Ромул чуть не дрожал от волнения. Во время сезона муссонов корабли отплывали отсюда на запад, в Египет. А оттуда было не так уж трудно добраться до Рима. Осталось только отыскать капитана, который согласился бы взять их с собой.

Сколько же всего случилось, прежде чем я попал сюда, думал Ромул. Они с Тарквинием пережили поражение, вернее, бойню при Каррах, достойный включения в легенды поход на восток, уцелели, когда против них поднялся чуть ли не весь легион, спаслись от гибели, которой грозило нападение армии индийского царя, и в конце концов добрались до места, откуда можно было вернуться домой. Это не только казалось невероятным — это и на самом деле являлось настоящим чудом.

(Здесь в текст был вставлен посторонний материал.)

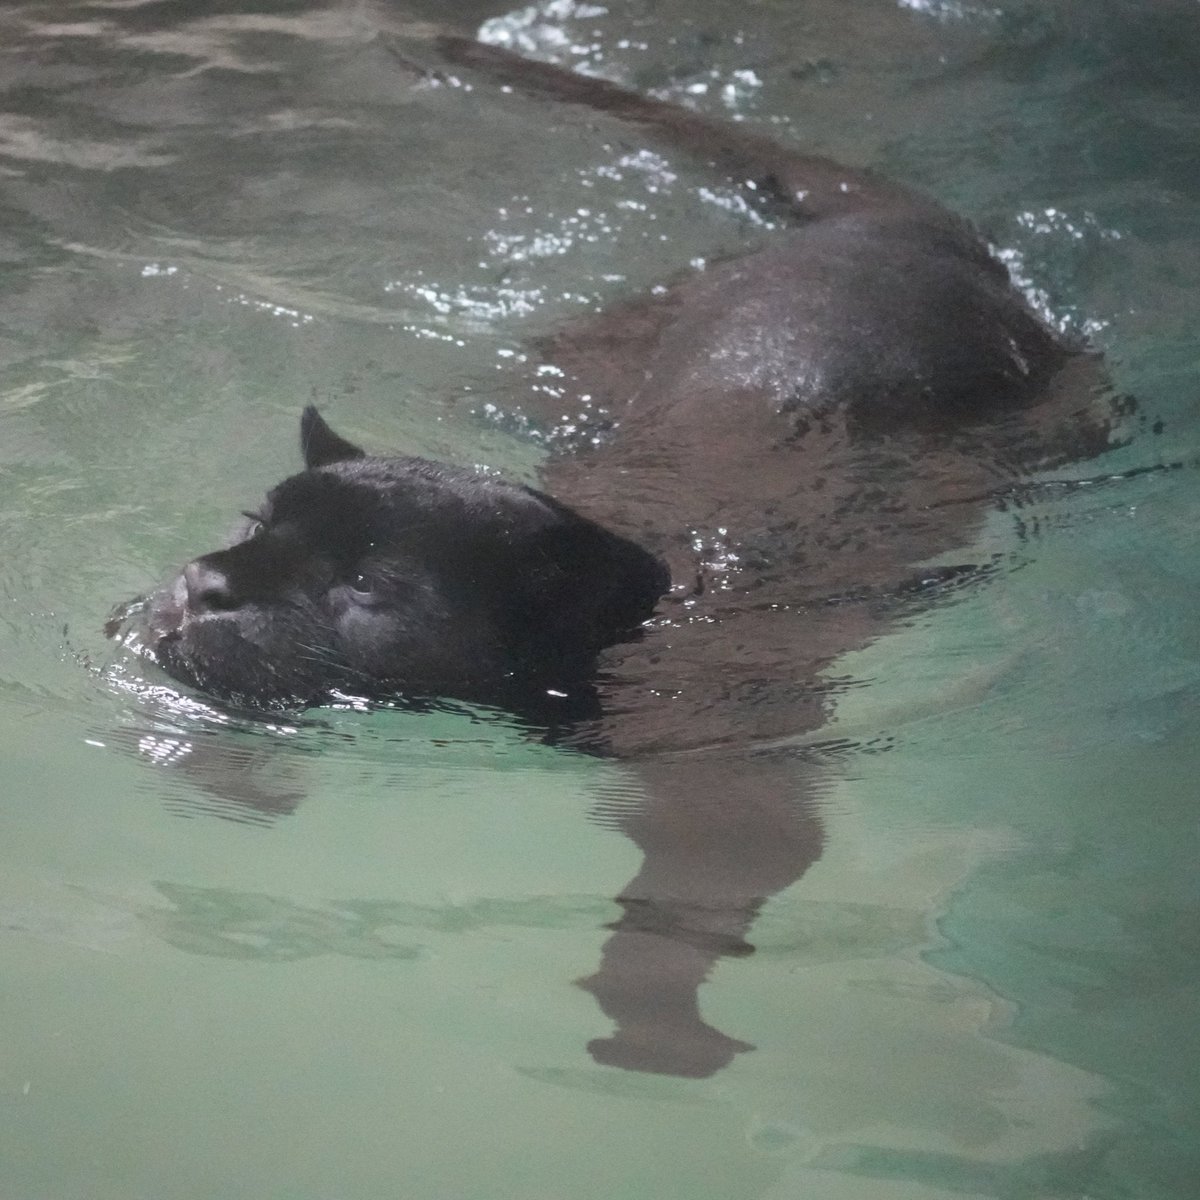 スイスイ泳ぐマヤでおはようございます。#マヤ #ジャガー #東山動植物園

Но цену за такое чудо пришлось заплатить неимоверную: помимо многих тысяч воинов, погибших в армии Красса и Забытом легионе, с жизнями расстались Феликс, а затем и Бренн. Смерть человека, который значил для Ромула больше всех на свете, кроме разве что матери и Фабиолы, явилась особенно сокрушительным ударом. Вина лежала на плечах Ромула неподъемным грузом. Двое друзей отдали свои жизни, чтобы дать ему возможность спастись, а он никак и ничем не мог воздать им.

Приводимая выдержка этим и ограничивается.